Der Opener „Chicago“ etwa ist ein vor Lebensfreude geradezu berstendes musikalisches Porträt ihrer Heimatstadt Chicago. Im Titeltrack hält sie fest, dass die Welt schön ist, auch wenn man manchmal traurig ist. In „Human Mind“ ist sie sich sicher, dass dem menschlichen Geist mit Hilfe Gottes die Wendung zum Guten schon gelingen wird. In „Hard Times“ merkt sie an, dass sie sich von widrigen Umständen schon nicht unterkriegen lässt. „We Got To Have Peace“ zeigt auf, wie sich durch Liebe, Glauben und Verständnis ein allumfassender Frieden vielleicht doch erreichen ließe. „Anthem“ ist eine klassische Gospel-Ballade, in der Mavis ihren Blick erzählerisch erneut in die Zukunft schweifen lässt und zu einem kollektiven Neuanfang anregt und mit Zeilen wie „There’s A Crack In Everything – That’s Where The Light Gets In“ erneut an das Gute appelliert. Mit „Satisfied Mind“ wirft Mavis zwar einen Blick zurück auf das Leben – aber nur um darauf hinzuweisen, dass sie die Welt mit einem zufriedenen Geist zu verlassen gedenkt. Und „Everybody Needs Love“ erklärt schließlich die Liebe zur Ultima Ratio.

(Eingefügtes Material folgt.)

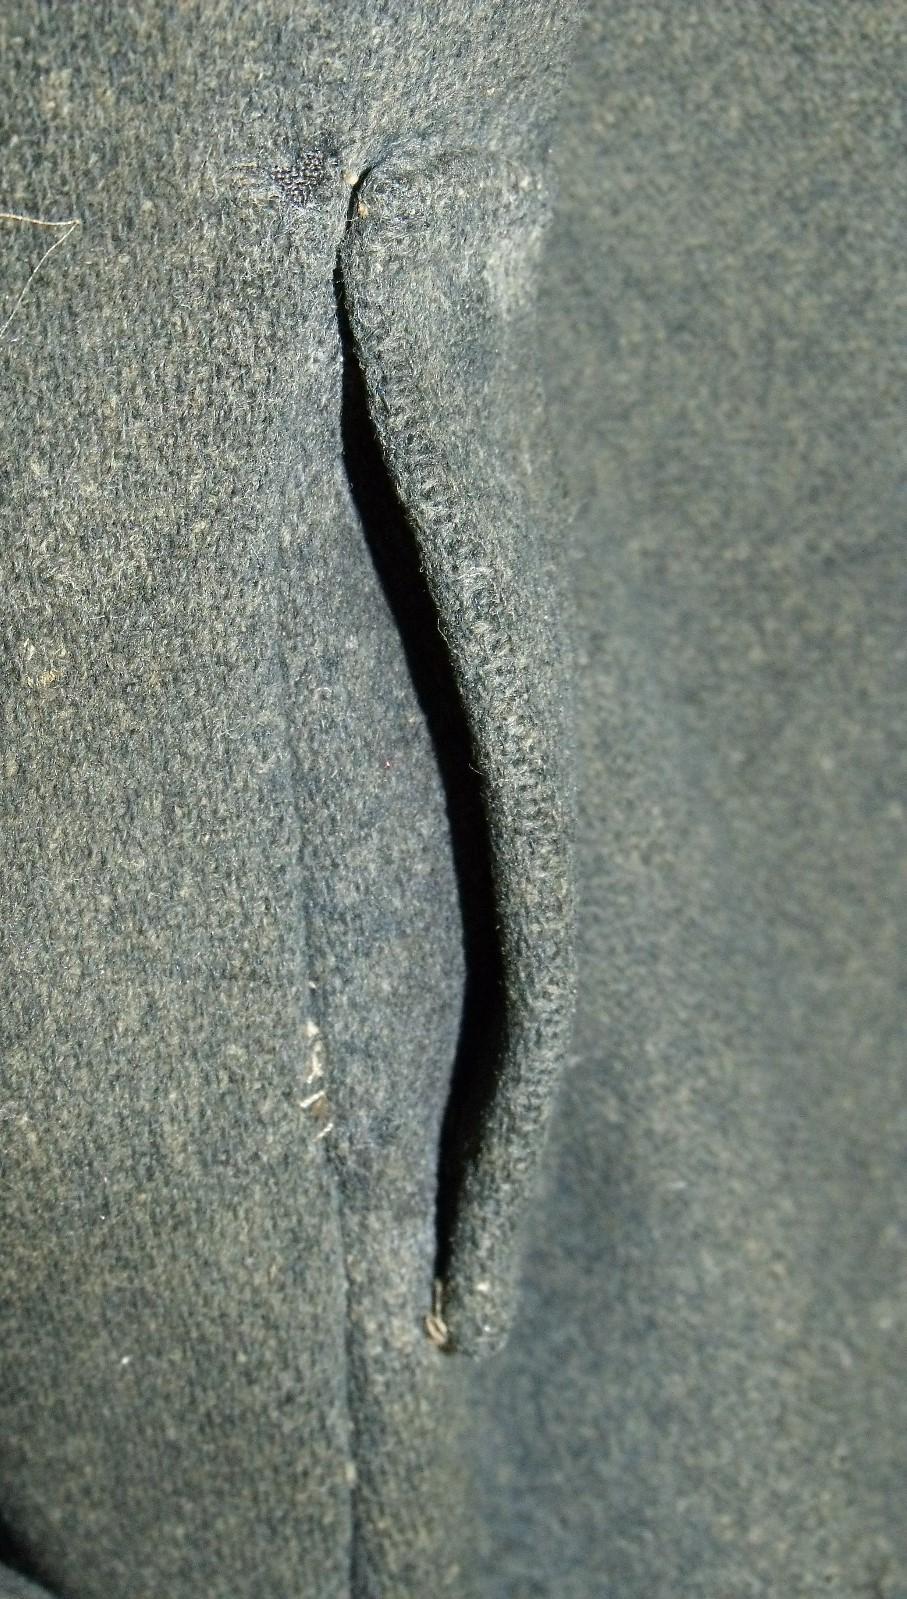 Gettysburg NPS jacket – slightly forward of side seam
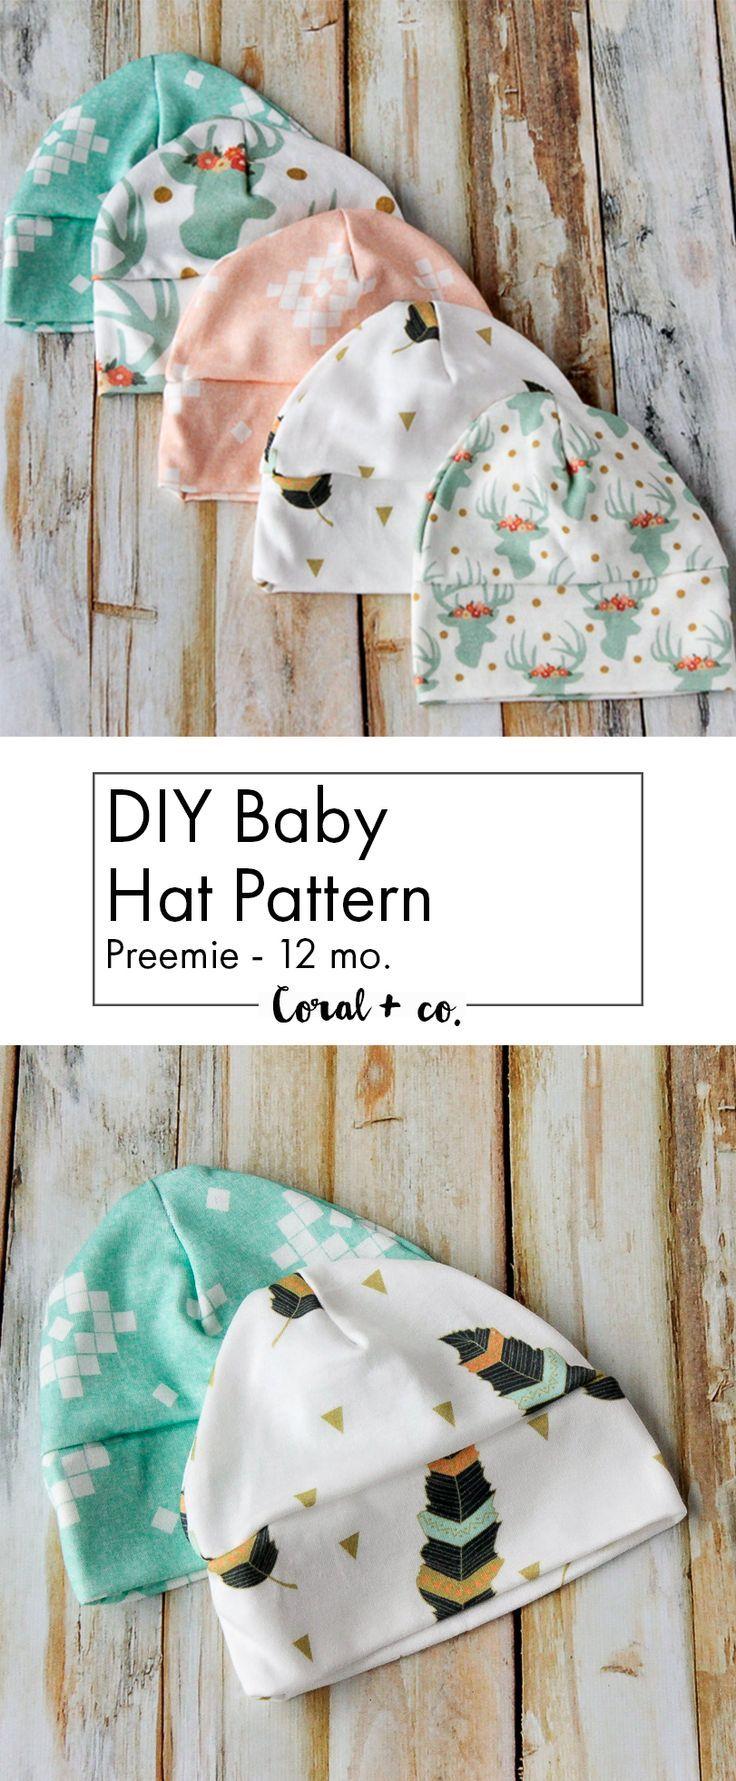 DIY Baby Hat Sewing Pattern and Tutorial in sizes Preemie - 12 ...

Zugegeben: Geschrieben hat Mavis Staples diese Stücke nicht selbst – das übernahmen Songwriter wie Kevin Morby, Frank Ocean, Hozier oder Allison Russell. Aber Mavis tat nun wirklich alles, diese modernen Gospels mittels ihrer Interpretation möglichst empathisch und emotional zu verinnerlichen. Nicht umsonst sagt sie selbst, dass sie die Stücke, die sie singt, fühlen können müsse. Bei dieser Aufgabe wird sie tatkräftig unterstützt von Produzent Brad Cook, der die Produktion ganz auf den Gesang von Mavis zuschnitt und die Arrangements erst später ausarbeitete. Dabei konnte er auf eine Riege von Künstlern wie Buddy Guy, Bonnie Raitt, Jeff Tweedy, Derek Trucks, Katie Crutchfield, MJ Lenderman oder Justin Vernon zurückgreifen (mit denen er selbst zum Teil auch schon als Produzent zu tun hatte), die Mavis mit ihren Beiträgen natürlich gerne unterstützten – ohne sich auch nur an einer einzigen Stelle in den Vordergrund zu drängen. Das Ergebnis ist nicht nur ein beeindruckendes Alterswerk geworden, sondern sogar mit Sicherheit eines der besten, attraktivsten und überzeugendsten Alben der gesamten Karriere von Mavis Staples.
„Sad And Beautiful World“ von Mavis Staples erscheint auf Anti.